A container keeps dying and docker compose ps shows it Restarting. docker compose logs cuts off mid-line and sudo dmesg | tail shows Out of memory: Killed process 12345 (mongod) from the oom-killer; the exit code is 137. The box is out of RAM. The real fix is a bigger VPS — 4 GB minimum. As a stopgap add swap and cap MongoDB's cache with --wiredTigerCacheSizeGB 1 in its command, but swap only delays the next OOM under real load:
sudo fallocate -l 2G /swapfile
sudo chmod 600 /swapfile
sudo mkswap /swapfile
sudo swapon /swapfile
docker compose up fails with Error response from daemon: driver failed programming external connectivity ... bind: address already in use. Something already holds port 3000 — often a previous Rocket.Chat container that did not stop cleanly, or another app. Find it with sudo ss -ltnp | grep :3000, stop that process or container, or change the host side of the mapping to 127.0.0.1:3001:3000 and update your proxy's proxy_pass to match.
FAQ
Does Rocket.Chat really need a MongoDB replica set?
Yes, even for a single server with one database node. Rocket.Chat delivers messages in real time using MongoDB change streams, and change streams are a replica-set-only feature — a standalone mongod cannot open one. You do not need multiple machines; you run one MongoDB container started with --replSet rs0 and initialise a one-member set with rs.initiate(). Skip that step and the driver never finds a primary, so Rocket.Chat restart-loops with MongoServerSelectionError: Server selection timed out and never finishes booting.
How much RAM does self-hosted Rocket.Chat need?
Plan for 4 GB as the practical minimum and 8 GB for a busy team. Rocket.Chat's Node process uses about 1 to 1.5 GB and MongoDB claims roughly half the remaining RAM for its WiredTiger cache, so on a 2 GB box the two collide and the out-of-memory killer terminates mongod under any real load, showing Killed in the logs and exit code 137. Two GB is only enough to evaluate the software with a couple of test users.

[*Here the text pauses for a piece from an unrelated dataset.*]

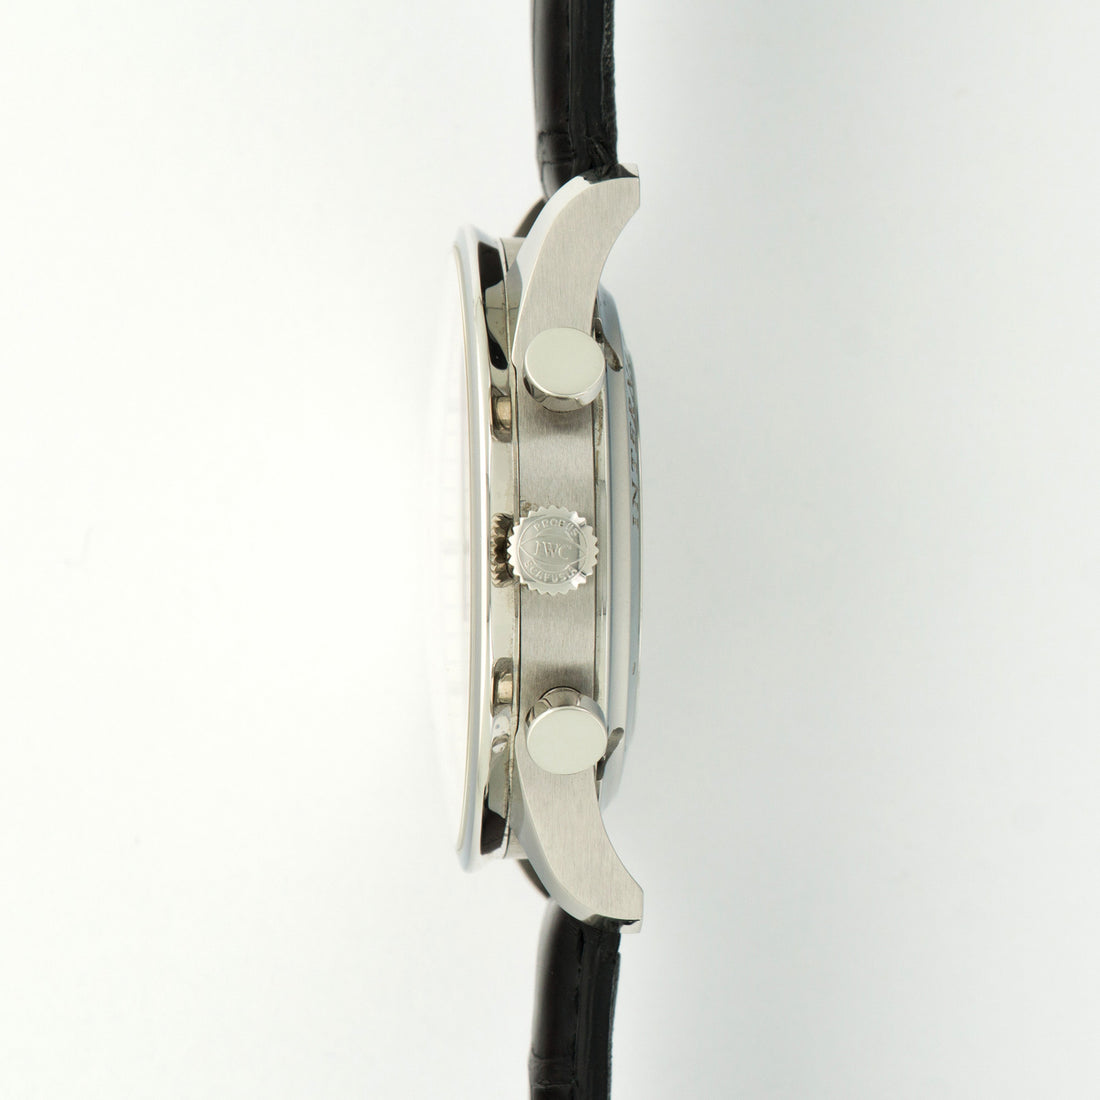 IWC Steel Portuguese Chronographon Strap Watch Ref. 3714
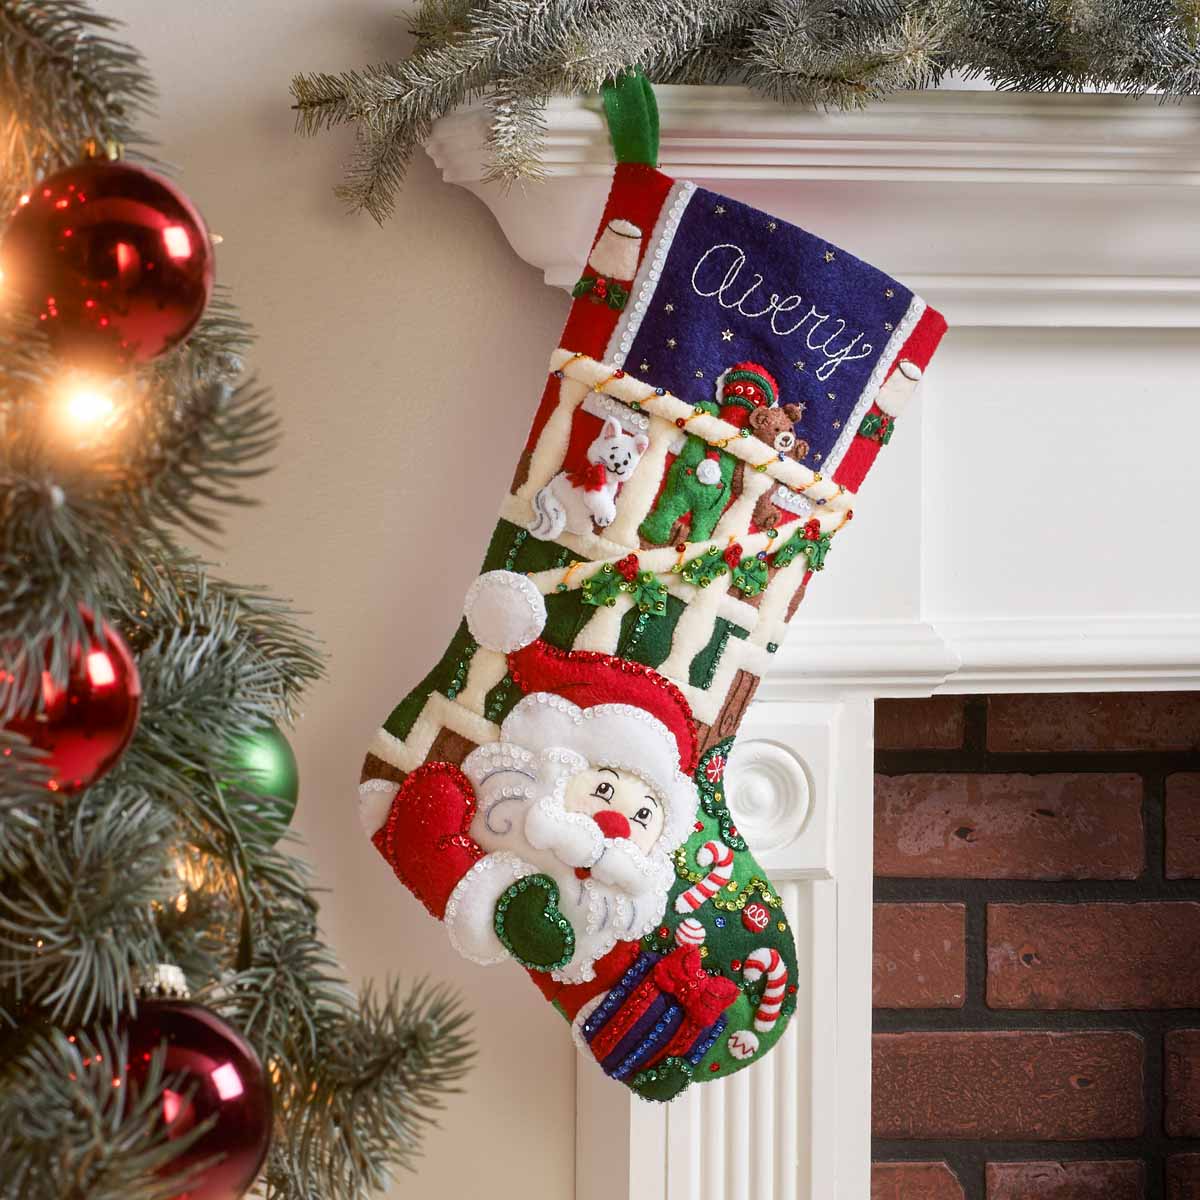 Bucilla ® Seasonal - Felt - Stocking Kits - Watching For Santa - 89244E

How do I put Rocket.Chat behind HTTPS?
Run a reverse proxy on the same VPS that terminates TLS and forwards to 127.0.0.1:3000, and set the container's ROOT_URL to your public https:// address. The proxy must forward the WebSocket upgrade headers or login will hang. Certbot with nginx is the simplest single-app setup; Traefik is cleaner if you run several containers behind one proxy and want automatic certificate management.
How do I back up a self-hosted Rocket.Chat?
Take a consistent database dump with mongodump rather than copying the volume: docker compose exec -T mongodb mongodump --db rocketchat --archive --gzip > backup.archive.gz. That archive contains users, channels, messages, and settings, plus uploaded files if you left storage on GridFS. Copy it off the server, automate it nightly with cron, and rehearse a mongorestore on a throwaway box so you know the restore actually works.
How do I upgrade Rocket.Chat without breaking MongoDB?
Upgrade Rocket.Chat one major version at a time — it runs migrations on boot and refuses to skip majors — and read each release's notes before bumping the pinned image tag. Check which MongoDB versions your target release supports with curl -s https://releases.rocket.chat/<version>/info | jq .compatibleMongoVersions, and when you move MongoDB, step one major at a time and set setFeatureCompatibilityVersion with confirm: true after each hop. Always take a mongodump first.